The Micron Memory Japan K.K. booth at the Semicon Japan exhibition in Tokyo, Dec. 18, 2025.
Kiyoshi Ota | Bloomberg | Getty Images
Shares of leading memory manufacturers, including Micron Technology and Western Digital (formerly SanDisk), experienced a significant surge on Monday, extending their impressive rallies. This upward momentum is fueled by recent analyses suggesting that the robust demand for memory chips, particularly those powering artificial intelligence applications, could persist through the end of the decade.
The current boom in memory companies is a direct consequence of a global microchip shortage, exacerbated by the unprecedented demand for AI-powered infrastructure. High Bandwidth Memory (HBM), a critical component that is bonded directly to advanced graphics processing units (GPUs) from industry giants like Nvidia and Advanced Micro Devices, is at the heart of this surge. These high-performance GPUs are essential for powering the vast majority of major AI data centers worldwide.
Ben Reitzes, a senior analyst at Melius Research, has upgraded Micron to a “buy” rating, projecting a potential upside of another 41% over the next 12 months. Micron’s stock has already witnessed an extraordinary ascent, climbing over 550% in the past year, with an additional 5.6% gain on Monday alone. The company’s market capitalization is now approaching a formidable $600 billion, reflecting its dominant position in the market.
Reitzes expressed an optimistic outlook, stating, “The market will eventually be willing to pay more for the unusual durability of the margin and demand profiles that AI makes possible.” He further anticipates that Nvidia will significantly increase its investment in memory solutions in the near future. “We are only in the early innings of this AI cycle, and the need for memory has never been stronger,” Reitzes added, underscoring the long-term growth potential.
Western Digital also saw a substantial boost, with its shares gaining 8.1% on Monday. The company’s stock has surged by over 3,000% in the past year, propelling its market capitalization beyond $157 billion. Reitzes forecasts an additional 36% appreciation for Western Digital shares over the coming year.
Mark Newman, a respected analyst at Bernstein with a “buy” recommendation on Western Digital, commented, “The numbers speak for themselves. Earnings revisions are coming up significantly, and that’s powered by very, very strong memory prices.”
The surge in demand for HBM is intrinsically linked to its architecture, which involves stacking multiple layers of Dynamic Random Access Memory (DRAM). This configuration allows for incredibly fast, temporary data storage, enabling GPUs to execute complex parallel processing tasks with remarkable efficiency. The leading memory manufacturers, including Micron, Samsung, and SK Hynix, have largely prioritized their DRAM production for HBM, leading to a broader shortage in general-purpose memory and a subsequent spike in prices.
Data from Counterpoint Research indicates that the DRAM market has experienced a robust 30% quarter-over-quarter growth for two consecutive periods, driven by escalating memory prices. This increased cost is rippling through the consumer electronics market. Gartner predicts that PC prices will see a significant 17% increase this year. The cost of solid-state drives (SSDs) used in PCs has reportedly doubled or even tripled since December.
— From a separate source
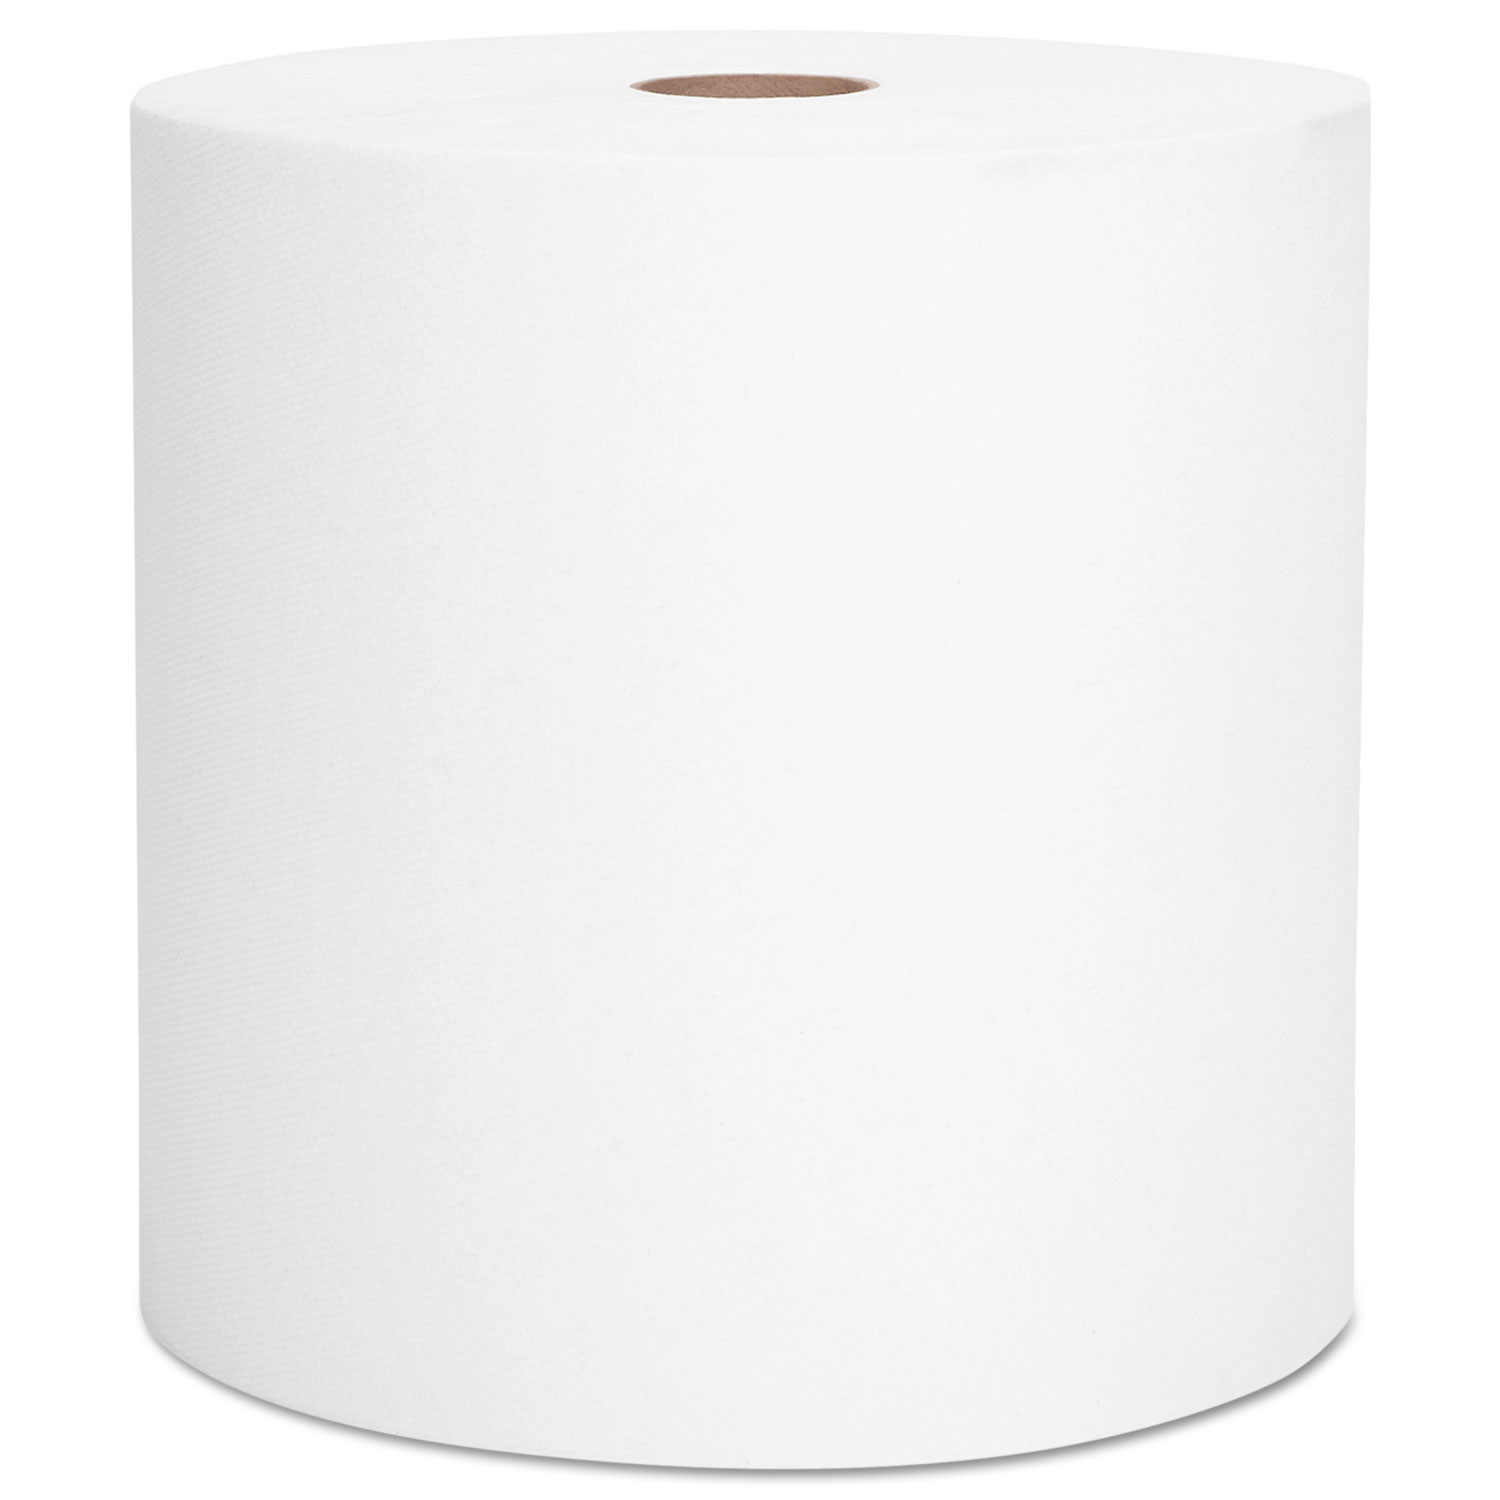 Hard Roll Towels, 1.5 Core, 8 x 800 ft, White

Western Digital is a key player in the SSD market, which relies on NAND flash memory. NAND memory retains data even when devices are powered off, and it is experiencing a similar surge in demand as AI servers require ever-increasing data storage capacities.
The prevailing market conditions are compelling memory buyers to commit to longer-term contracts, often spanning three to five years. Industry leaders such as SK Hynix and Micron have confirmed that hyperscalers are increasingly willing to enter into long-term supply agreements to secure critical memory components amidst intense competition. For instance, chip design firm Broadcom has reportedly secured its memory supply through 2028.
“Memory makers also have a willingness to go longer term because they want to get more reliable demand, especially if they’re thinking about adding capacity,” Newman observed, highlighting the substantial lead time of approximately two and a half years required to construct new fabrication facilities before production can commence.
In response to this sustained demand and to bolster future capacity, Micron is undertaking a significant expansion of its NAND manufacturing facility in Singapore, with an investment of $24 billion. Additionally, the company is establishing large-scale chip fabrication plants in New York and Idaho in the United States. SK Hynix has commenced construction of its first memory packaging plant in Indiana, U.S., and is concurrently expanding its production and packaging capabilities with new facilities in South Korea.